Трудяга, наверно, вышел — или не смотрит, что я печатаю. Почти весь день, чтоб отогнать его, печатал стихи на французском. Жаловался (дословно о том же) на других языках, но поскольку никакой реакции не последовало, вынужден предположить, что Хаасту теперь не до моей писанины — по крайней мере, переводов больше не заказывает. Или что я ему теперь вообще до лампочки.

Кто бы мог подумать — что Ха-Ха станет казаться едва ли не другом.

 

80.

 

Сегодня заходил Щипанский, прихватив для компании еще парочку «прыщиков» — Уотсона и Квайра. Хотя по сути дела не было сказано ни слова, похоже, своим молчанием я выиграл диспут. (Неужто поговорка не врет: дай черту длинную веревку — и он не преминет повеситься?) Вчера и позавчера Щипанскому говорили, будто я слишком болен, чтобы принимать посетителей. В конце концов прорваться через охранников удалось, только заручившись поддержкой Фредгрена — и пригрозив забастовкой. Скиллимэн объявил меня персоной нон грата. Чтобы Щипанского пропустили в изолятор, Фредгрену пришлось через голову Скиллимэна обращаться напрямую к Хаасту.

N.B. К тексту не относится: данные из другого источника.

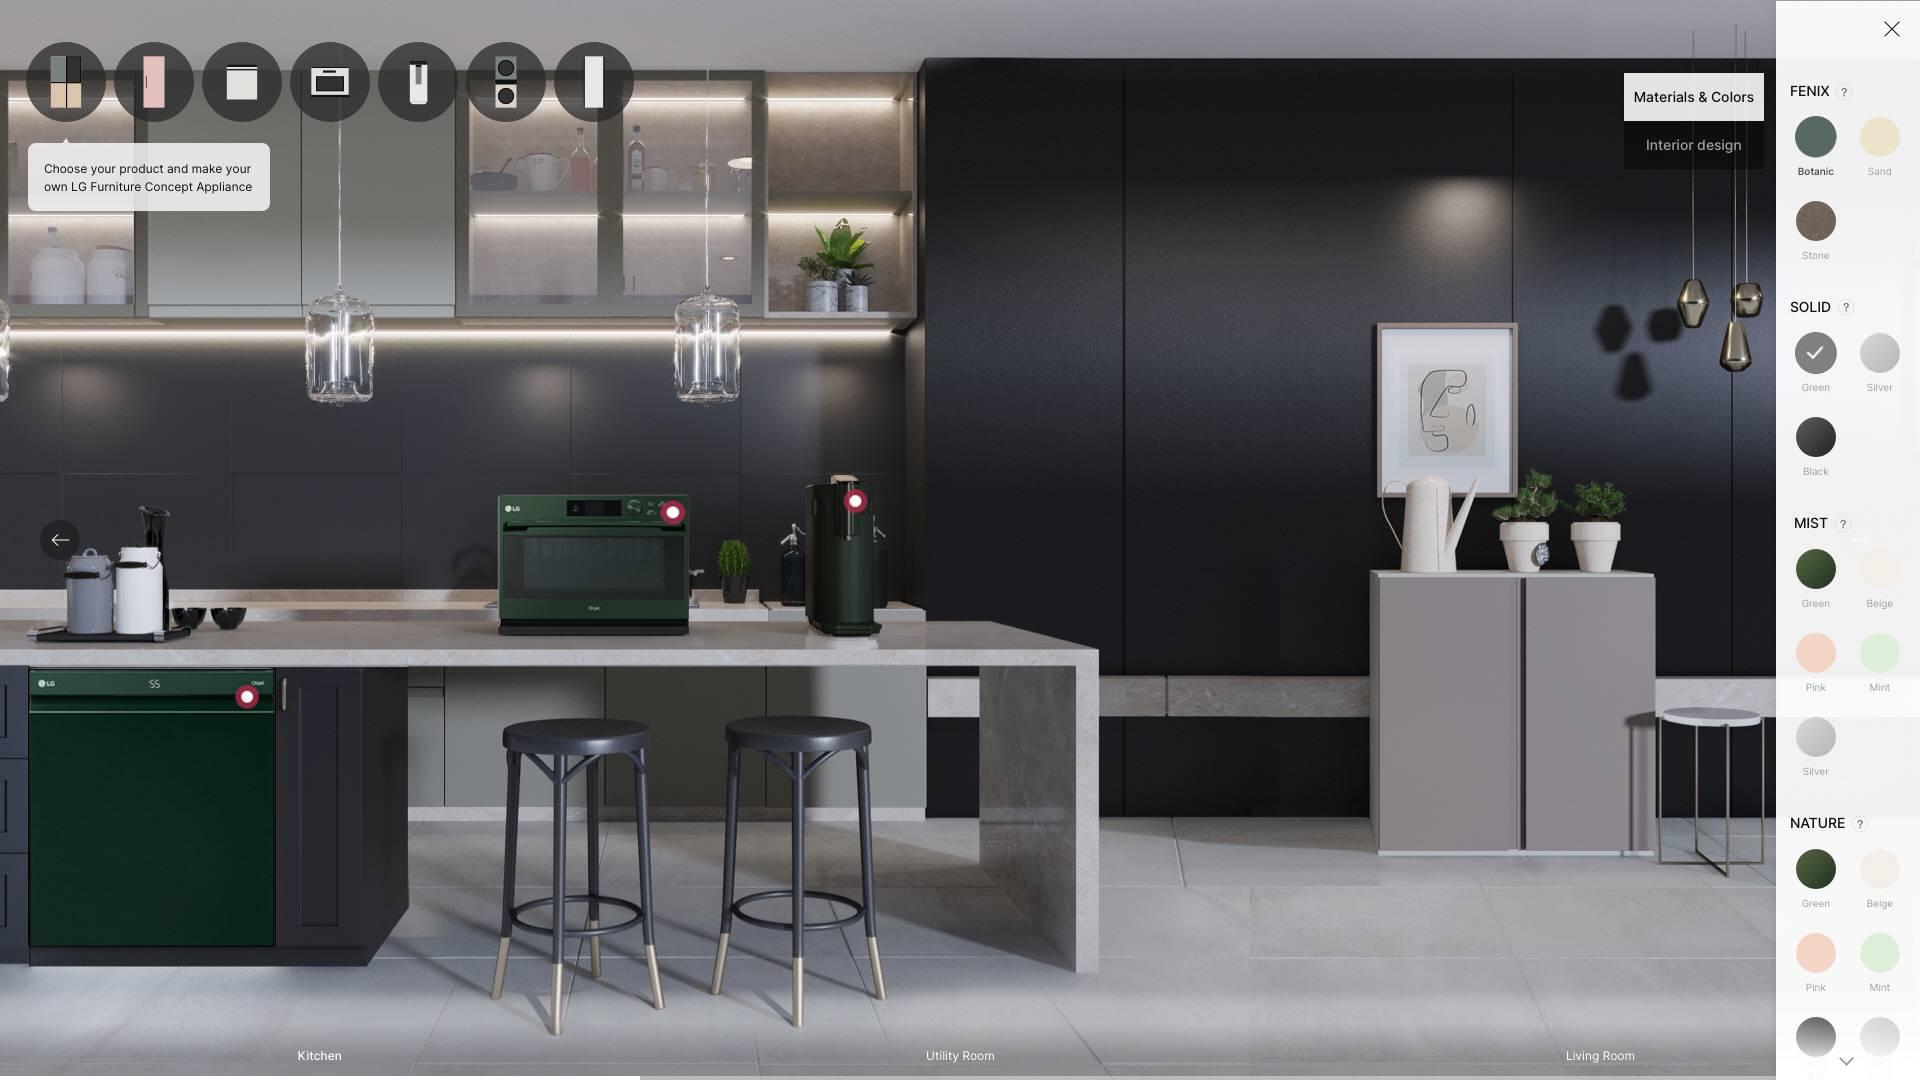 Компания LG представит дизайнерскую технику на выставке CES 2021

Визит, хотя с моей стороны всячески приветствовался, главным образом только напомнил о моем растущем отчуждении. Они сидели возле койки, молчали или бормотали банальности; можно было подумать, я — их умирающий престарелый родитель, которому ничего уже не скажешь, от которого ничего уже не приходится ожидать.

 

81.

 

Так и не осмелился, пока они были тут, поинтересоваться, что за число. За временем я давно не слежу. Понятия не имею, на сколько еще могу законно рассчитывать. И знать не хочу. Становится настолько хреново, что чем меньше, тем лучше.

 

82.

 

Самочувствие чуть-чуть получше.

Но ненамного. Щипанский принес новую сарчевскую запись «Chronochromie» Мессиана. Слушая, четко ощущал, как шестеренки в мозгу медленно зацепляют зубчатые передачи реального мира.

Щипанский за все время и пяти слов не сказал.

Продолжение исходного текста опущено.